Prosecutors also called to the stand Dean’s police partner, Darch, who testified she was with Dean when they went to investigate the home.

She said she believed the home was being burglarized because two doors were open, lights were on inside, cabinets were wide open and things were strewn about the living room and kitchen area.

She had her back to the window when Dean began to yell out commands for Jefferson to put her hands up, she testified. Darch said she started to turn around, heard a gunshot, then looked over Dean’s shoulder and could see a face in the window with eyes “as big as saucers.”
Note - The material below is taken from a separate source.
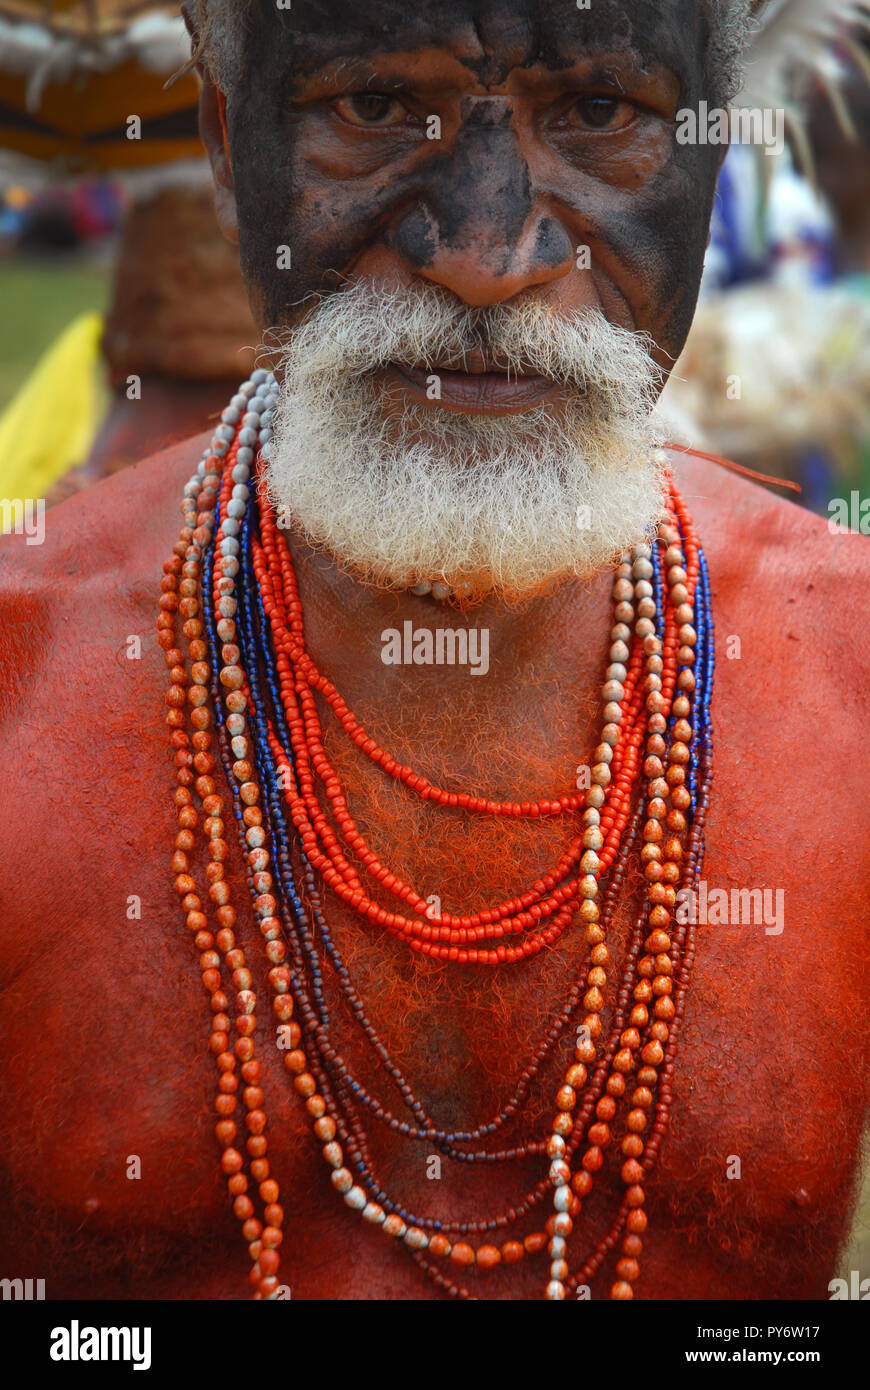 Colourfully dressed and face painted old man with shell necklaces as part of the annual Sing Sing in Madang, Papua New Guinea. Stock Photo

She testified she did not see Jefferson holding a gun and didn’t recall Dean ever saying Jefferson had a gun.

An attorney for Jefferson’s family said she was trying to protect her nephew from what they both thought was a prowler. She had moved into her ailing mother’s Fort Worth home a few months earlier to take care of her, family attorney S. Lee Merritt said at the time. She also took care of her nephews.

Jefferson graduated from Xavier University of Louisiana in 2014 with a degree in biology and worked in pharmaceutical equipment sales, according to her family’s attorney.